Jappeloup is a 2013 French-language film directed by Christian Duguay. In January 2014, Lou de Laâge was nominated for the Most Promising Actress award at the 39th César Awards.

==Plot==
In the early 1980s, Pierre Durand, Jr. resigns from his career as a lawyer and becomes a professional equestrian, focusing on show jumping. He purchases Jappeloup de Luze (1975–1991) from Henry Delage.

Durand loses at the 1984 Summer Olympics in Los Angeles, California.
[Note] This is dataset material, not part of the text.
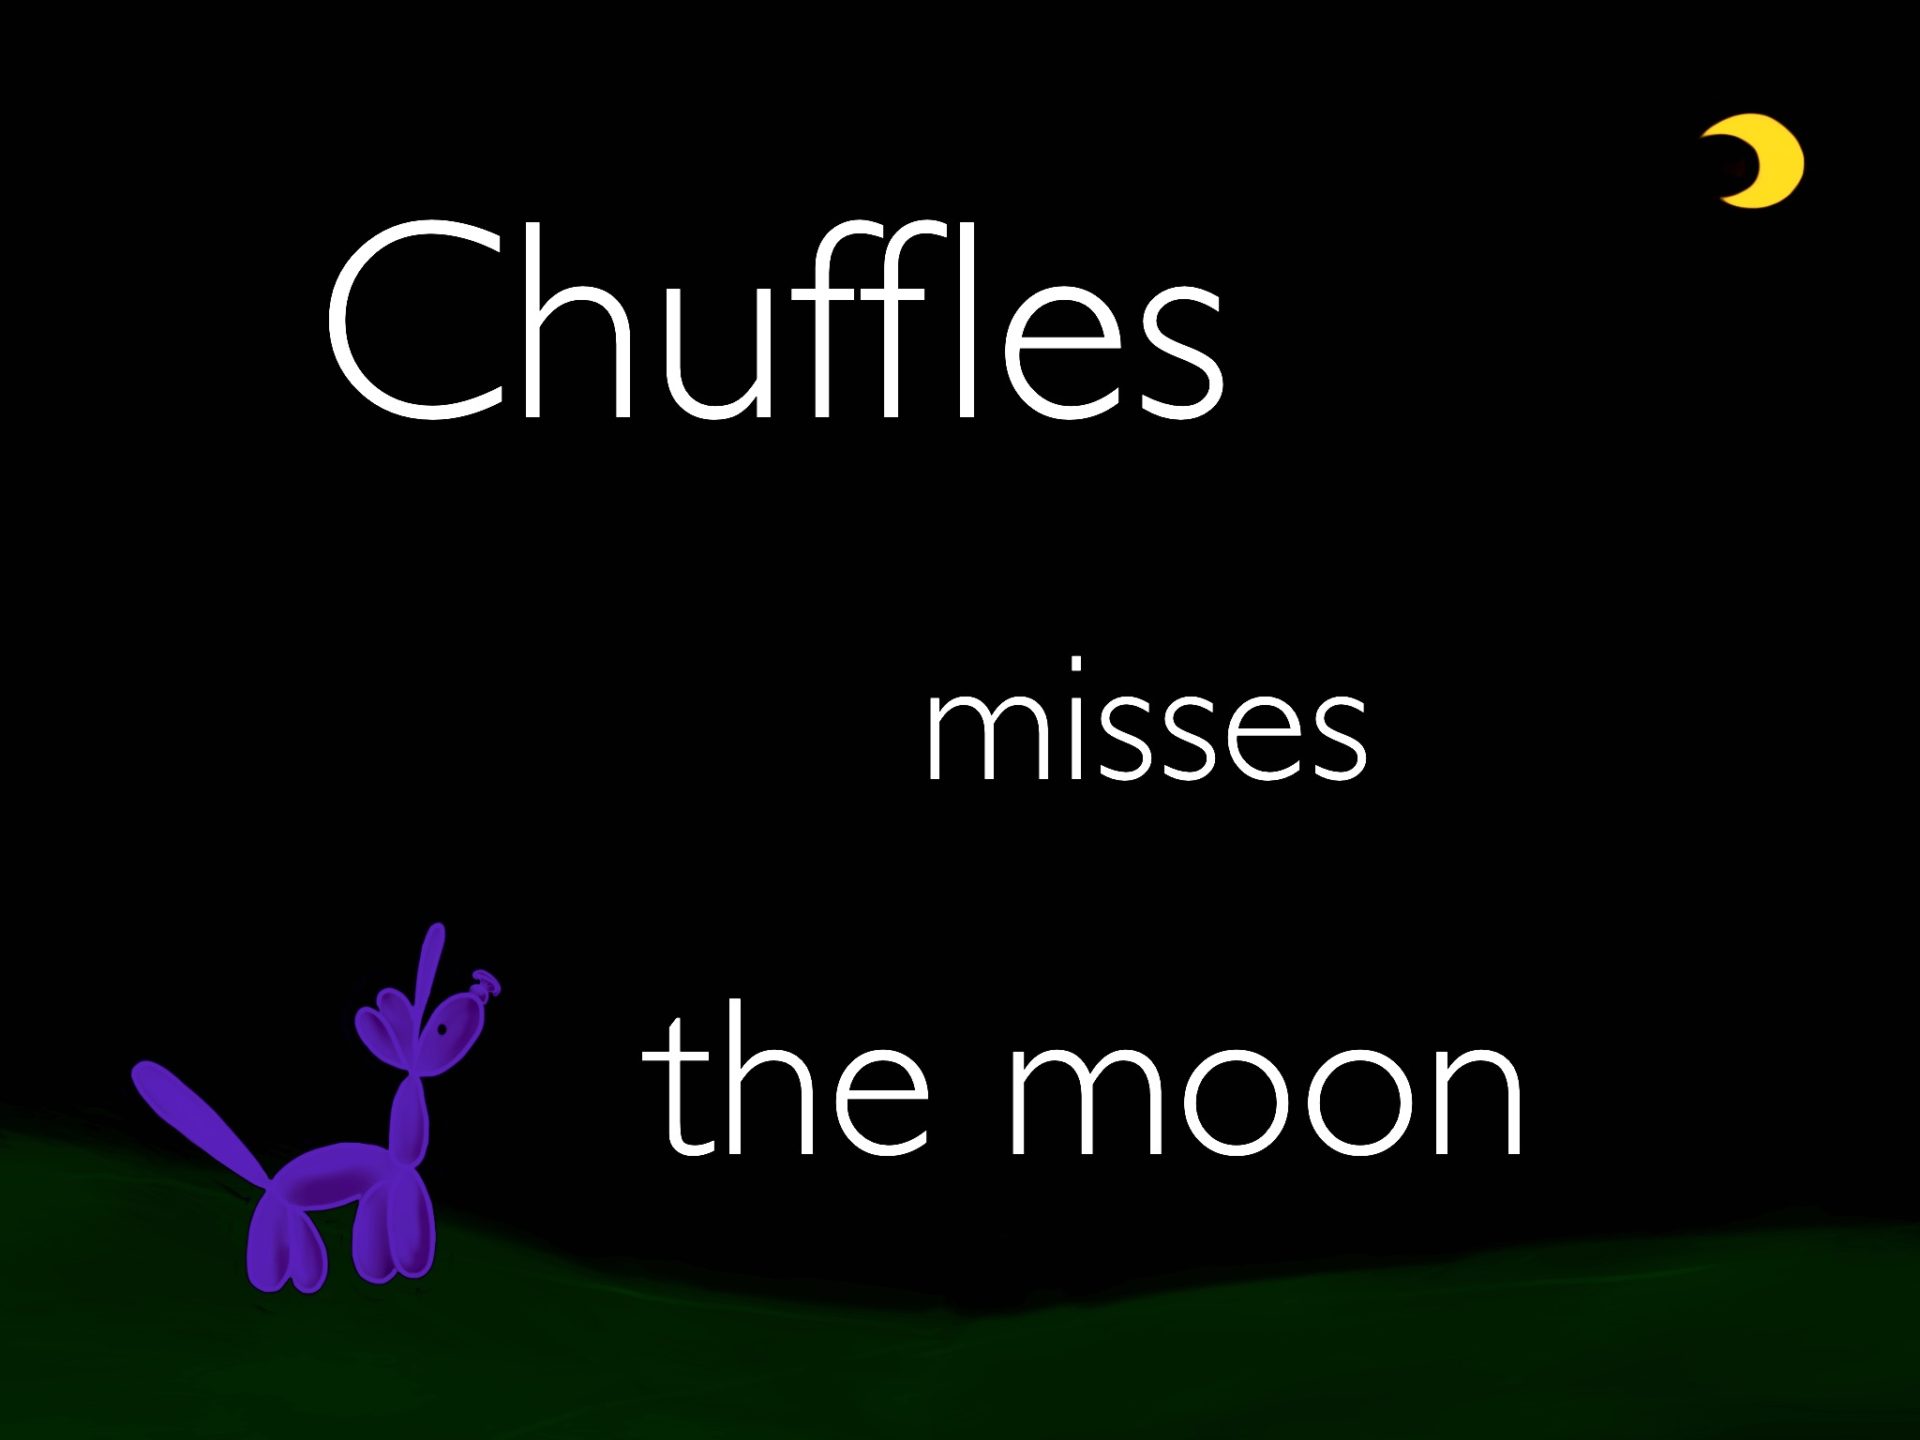 Chuffles the Balloon Unicorn gazes up at the moon.

However, at the 1988 Summer Olympics in Seoul, South Korea, he wins.

==Cast==
- Guillaume Canet as Pierre Durand, Jr.
- Marina Hands as Nadia
- Daniel Auteuil as Serge Durand
- Lou de Laâge as Raphaëlle Dalio
  - Sonia Ammar as young Raphaëlle
- Tchéky Karyo as Marcel Rozier
- Jacques Higelin as Dalio
- Marie Bunel as Arlette Durand
- Joël Dupuch as Francis Lebail
- Frédéric Épaud as Patrick Caron
- Arnaud Henriet as Frédéric Cottier
- Donald Sutherland as John Lester
- Antoine Cholet as Hubert Bourdy
- Edmond Jonquères d'Oriola as Philippe Rozier
- Benoît Petitjean as Éric Navet
- Sébastien Cazorla as Michel Robert
- Noah Huntley as Joe Fargis
- James Flynn as John Lester's son
- Xavier Alcan as Sponsor
- Jean Rochefort as himself

==Critical reception==
It was shown at the COLCOA film festival in Los Angeles, California in 2013.

For The Hollywood Reporter, the film offers "a rather classic mix of stunts and sentiment before galloping ahead to its stirring equine finale."